After a jury convicted him guilty of sexually assaulting and defaming author E. Jean Carroll, the former president of the United States reportedly asked for a second trial, which a federal court denied on Wednesday.
The jury’s decision was neither fundamentally incorrect or a severe miscarriage of justice, according to U.S. District Judge Lewis Kaplan, a Clinton appointment.
He rejected Trump’s claims that the $5 million in damages he was forced to pay was excessive and other claims.
The nine-member jury decided in May that Trump was guilty of violating Carroll, a longstanding advice columnist, in the middle of the 1990s at a department shop in New York City.
The jury also determined that he was accountable for subsequently defaming Carroll in a denial of her story in an October 2022 statement.

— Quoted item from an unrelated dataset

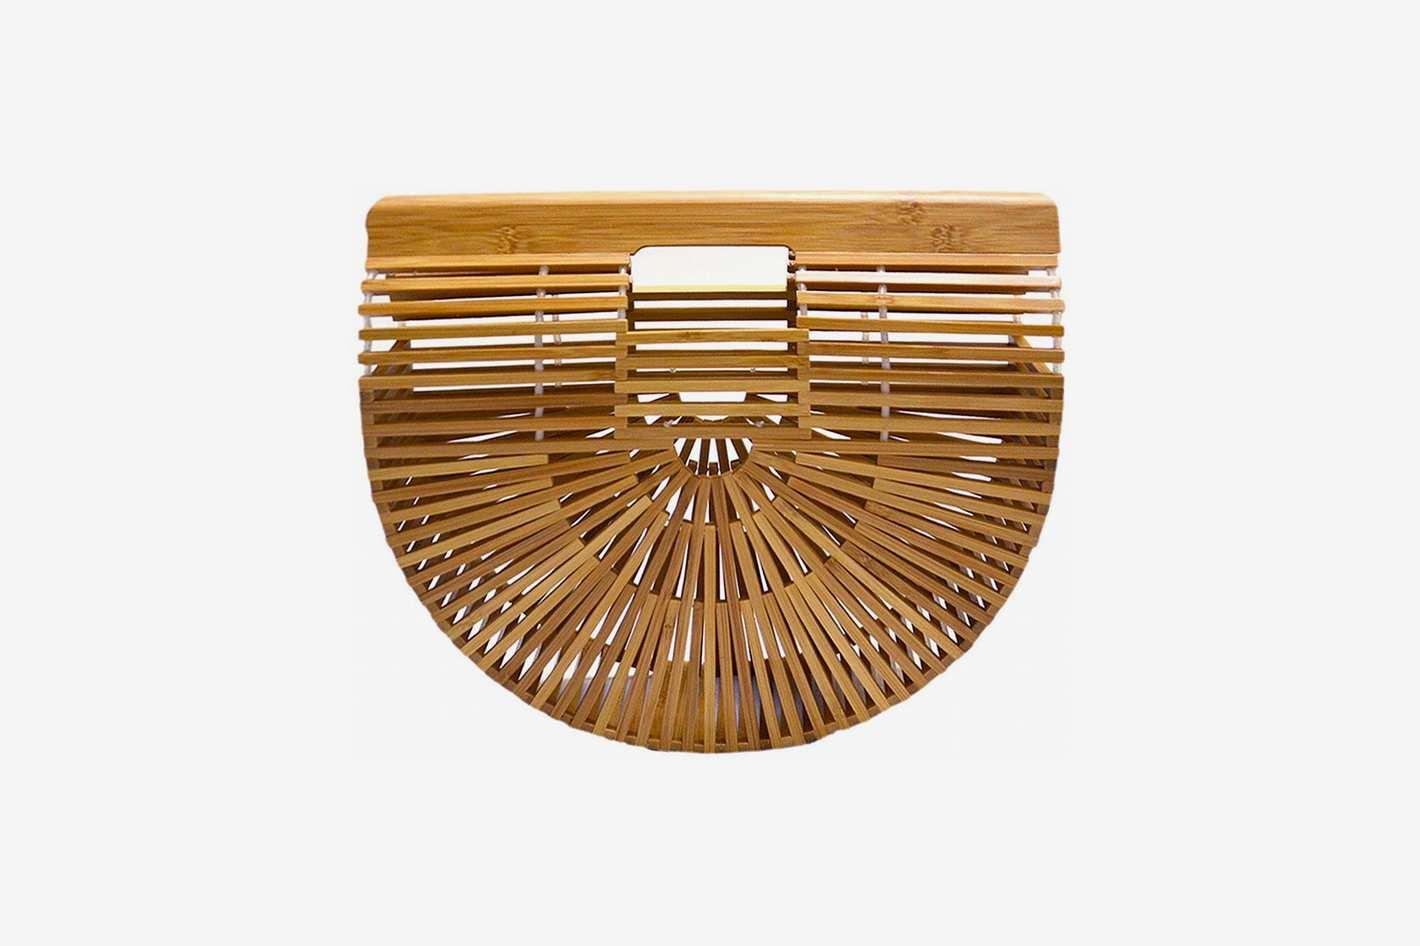 Miuco Womens Bamboo Handbag

Later on Wednesday, the former president appealed the judge’s decision despite having rejected Carroll’s allegations. Trump also challenges the jury’s initial decision.

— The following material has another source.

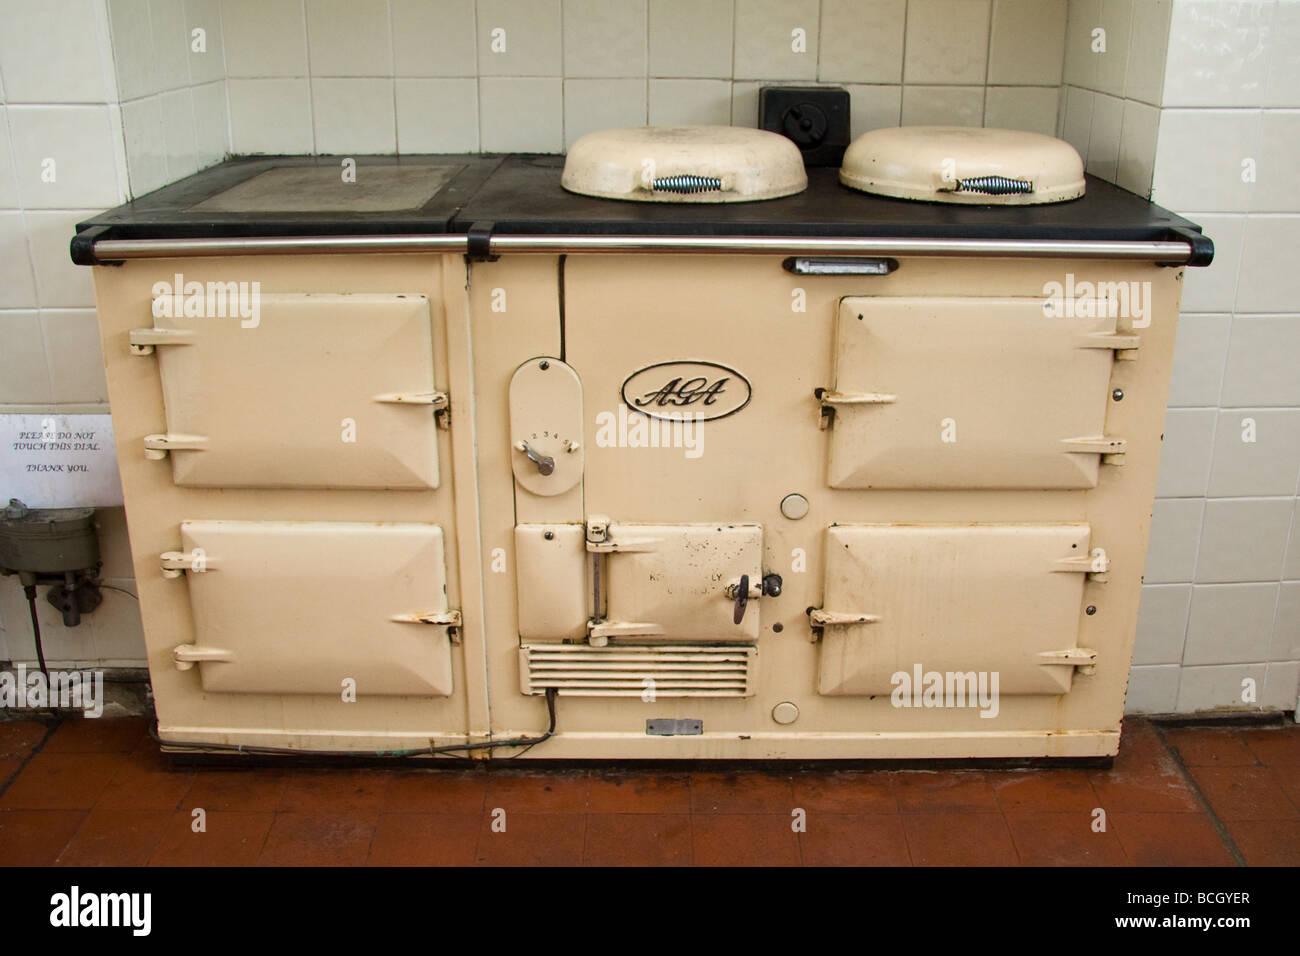 4 oven AGA cooker Stock Photo: 24959055 - Alamy

In a separate case against him that will go to trial in January, Carroll accuses him of defaming the author when she first came up with her account of him as president.
Trump requested a new trial, pointing out that although rape and sexual abuse are both types of sexual violence under New York law, they are defined differently.
The jury convicted Trump guilty of sexual abuse. Carroll has long referred to the episode as a rape, even after the jury’s decision.